- Developer(s): Barking Lizards Technologies
- Publisher(s): Nokia
- Series: Snake
- Release: 2007 (N-Gage 2.0)
- Genre(s): Snake; puzzle;
- Mode(s): Single-player; multiplayer;

= Snakes Subsonic =

2007 video game

Snakes Subsonic is a game release in 2007 for N-Gage 2.0. The game is a sequel to Snakes and the last game in the Snake series to be produced.

==Gameplay==
It is possible collect green pallets to get bigger, and if the player collides with his own tail, he dies. But, differently from Snake, colliding with the scenario doesn't result in game over. Instead, the life bar will go down. There are 40 levels themed with the four elements and 20 levels from N-Gage Arena. There are also secret levels that are unlocked by collecting the letters from "SNAKES". To advance a level, it is necessary to empty blue "evolver bar" by following the trail of glowing blue pellets, that appear after eating a certain number of green pallets. The soundtrack accelerates as the snake eat the pellets, and if one is missed, they are resetted. The player also has to solve several puzzles to advance in the game. The snake can run in a 3D ambient. It is also possible to collect power-ups, including shields and missiles, that are to be used in enemy snakes and other obstacles. Also, red squares in the floor slows the snake down, while blue squares have the opposite effect.

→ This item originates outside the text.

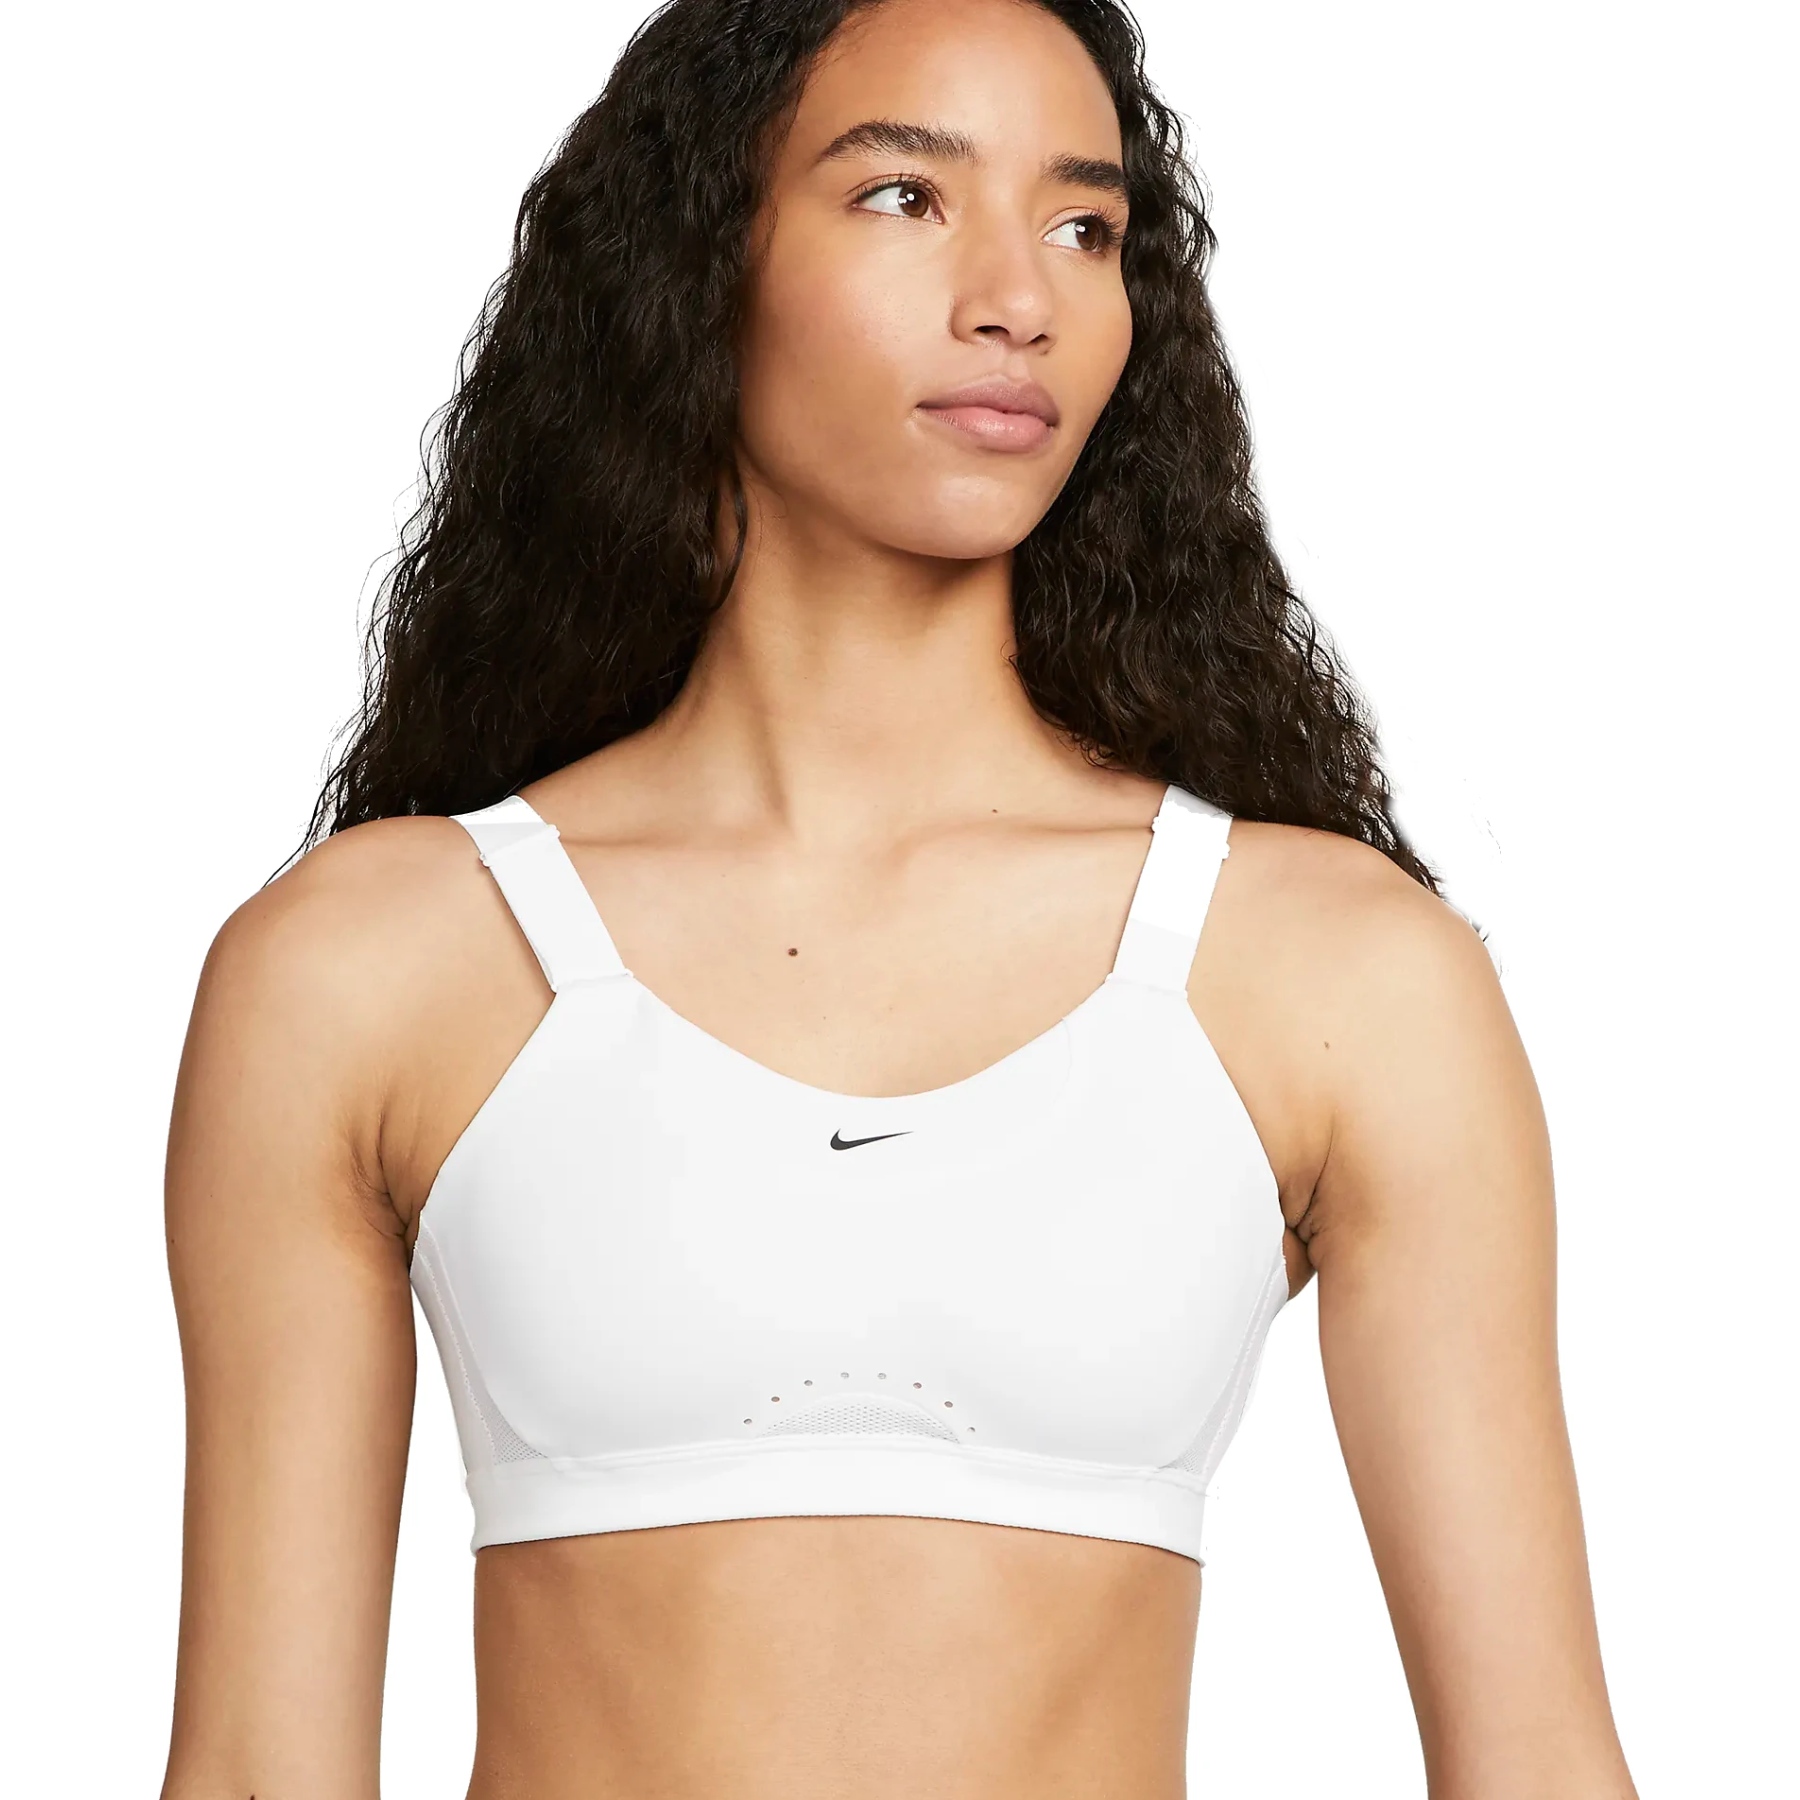 Produktbild von Nike Alpha Dri-FIT Sport-BH mit hoher Unterstützung Damen - Körbchengröße A-C - white/white/stone mauve/black DD0430-100

There is a multiplayer mode, where up to four players compete to get a set number of points. It is possible to post high scores in the platform.

==Development and release==
The game was developed by Barking Lizards. Hannu Korhonen has worked on the playability of the game. The soundtrack was composed by DJ Champion.

Snakes Subsonic was released in 2007 for N-Gage 2.0. In June 2008, Nokia released the game for Symbian cellphones.

==Reception==
Pocket Gamer gave a score of three from five stars, citing that "ultimately, though, Snakes Subsonic is fine. It's fine. But it's not as good as Snakes, or arguably even Snake".